Inhabitat notes that this kind of design requires enormously precise construction — a factor, no doubt, in the home taking top marks in this portion of the overall competition. The judges praised the team’s thoughtful incorporation of modularity in their final remarks on the contest, as well as the team’s incorporation of several solar solutions (the home incorporates semi-transparent panels integrated into the building’s facade, as well as a rooftop array). Finally, the overall ecological and financial sensitivity of the project helped to put it over the top
Coming in with second place in this year’s Engineering and Construction contest of the Solar Decathlon Europe was Odooproject. This home, designed by the university team from Budapest, makes notable use of not just radiant, in-floor heat — a common feature of many green buildings these days — but a ceiling-integrated water cooling system.

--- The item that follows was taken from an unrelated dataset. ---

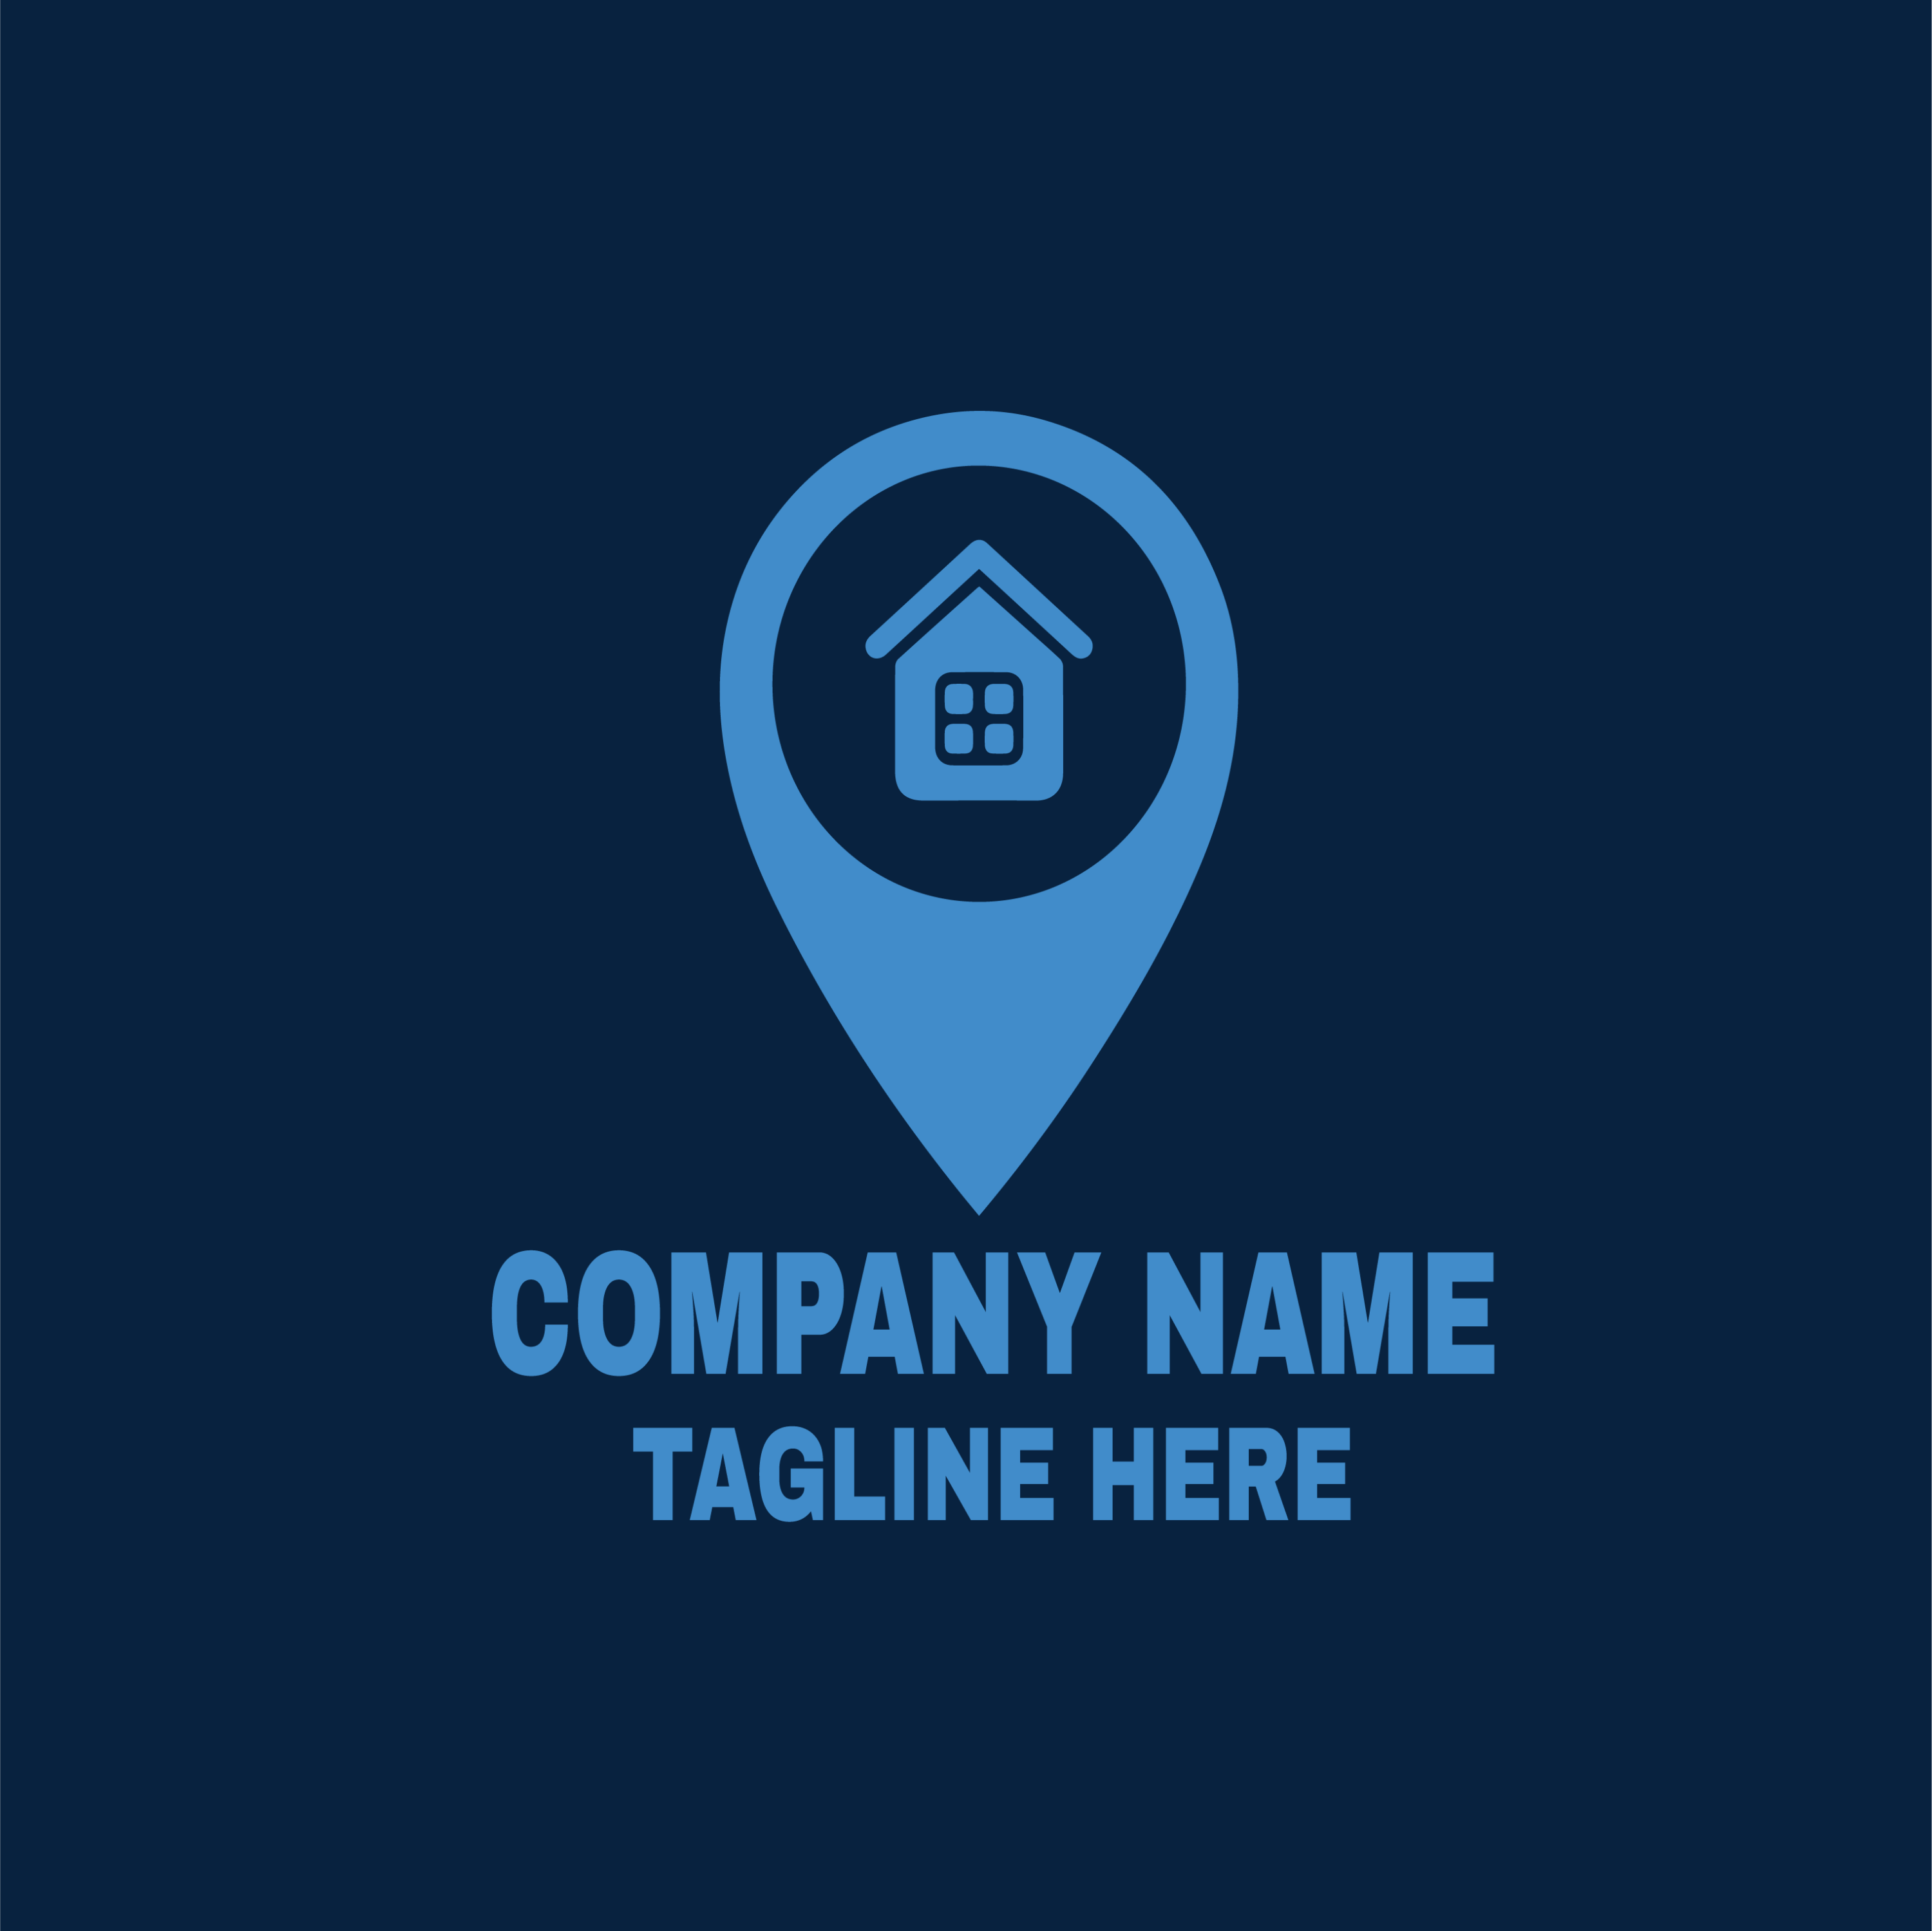 Cool Real Estate & Home Logo Template, blue logo on dark blue background.

The semi-passive heating and cooling system works via convection, which causes hot air to rise, and cool air to descend, evenly distributing temperature-treated air throughout the home without the use of forced air mechanical ventilation. This system is part of the building’s core service system, consisting of an air-to-water heat pump closely connected to the ventilation system and to the photovoltaic power system.
Odooproject incorporates a central courtyard, perfect for summer lounging, as well as abundant daylighting via its courtyard-facing windows. As in ECOLAR, Odooproject makes use of both horizontally and vertically mounted solar panels. Collected rainwater is harvested from the home’s roof, stored in insulated tanks, and put to use in household washing, toilet flushing and irrigation.
The third place winner in this contest was the Andalucia team from Spain.